> **ENTRIES SHOWN**:
_ _ _ _ _ _ _

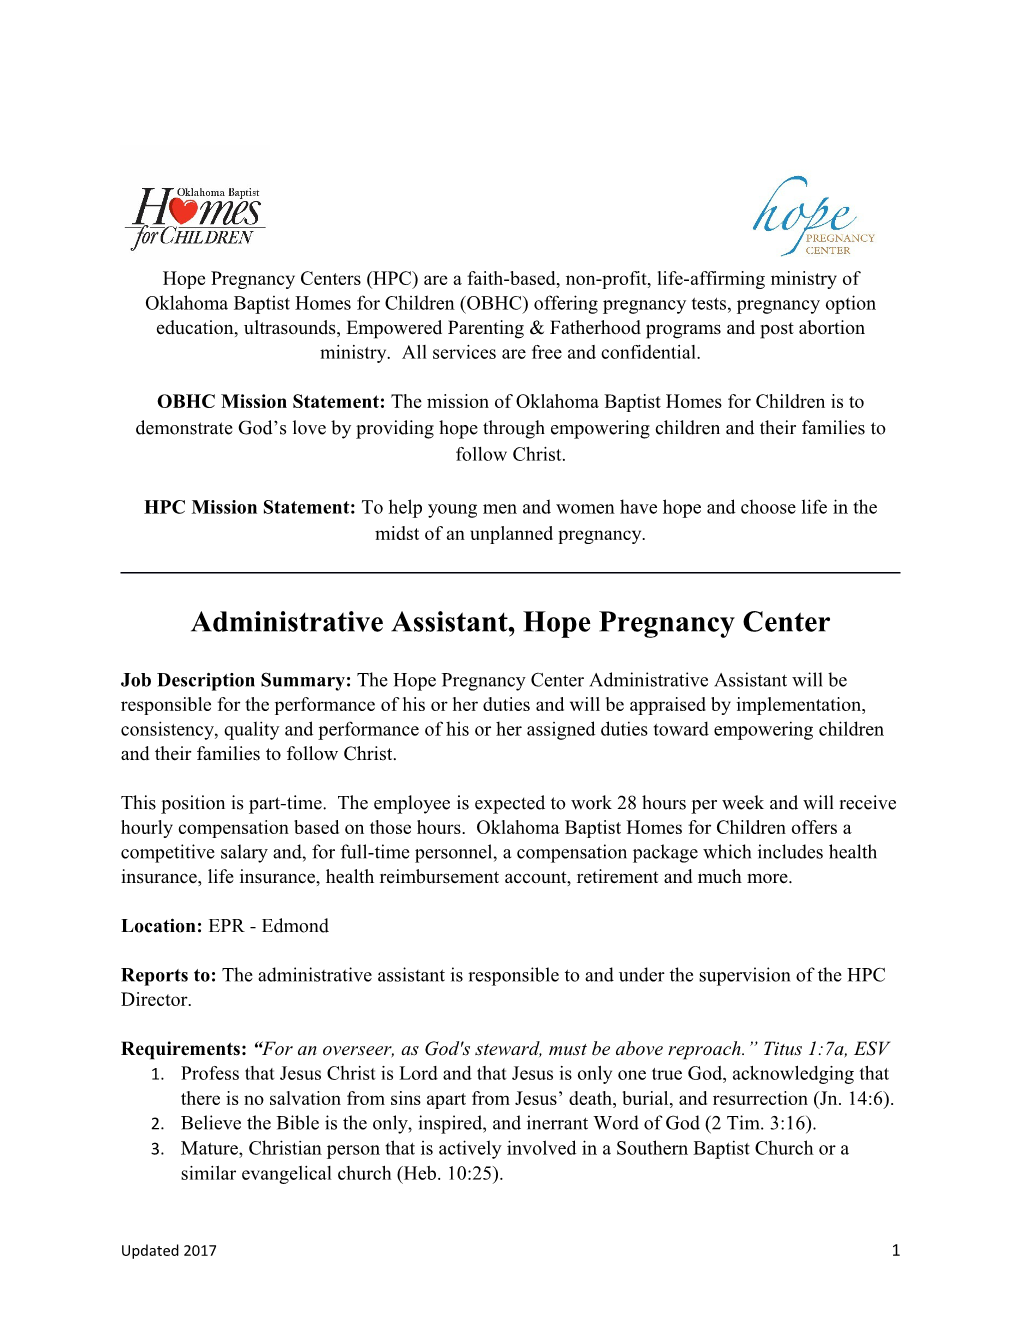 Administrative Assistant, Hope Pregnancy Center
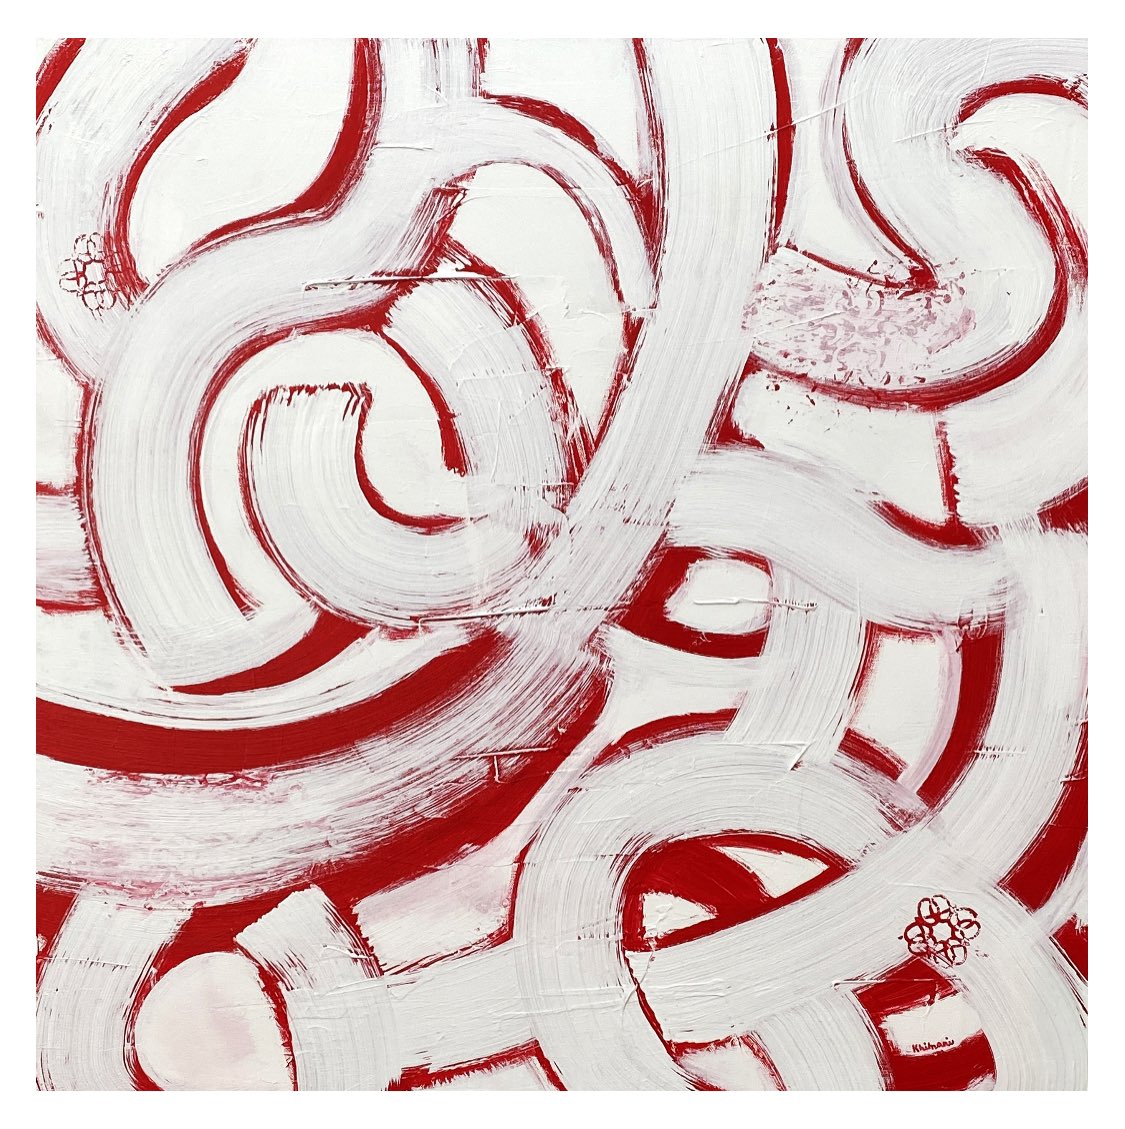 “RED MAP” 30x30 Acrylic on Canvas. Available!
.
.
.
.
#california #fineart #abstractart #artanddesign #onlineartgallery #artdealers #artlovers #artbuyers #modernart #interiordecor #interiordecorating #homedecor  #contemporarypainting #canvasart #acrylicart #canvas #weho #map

_ _ _ _ _ _ _

> **WHAT IS EXPECTED**: Skipping all images, print the data above a second time exactly.

> **RESULT FOR THIS TASK**:
 Administrative Assistant, Hope Pregnancy Center
 “RED MAP” 30x30 Acrylic on Canvas. Available!
.
.
.
.
#california #fineart #abstractart #artanddesign #onlineartgallery #artdealers #artlovers #artbuyers #modernart #interiordecor #interiordecorating #homedecor  #contemporarypainting #canvasart #acrylicart #canvas #weho #map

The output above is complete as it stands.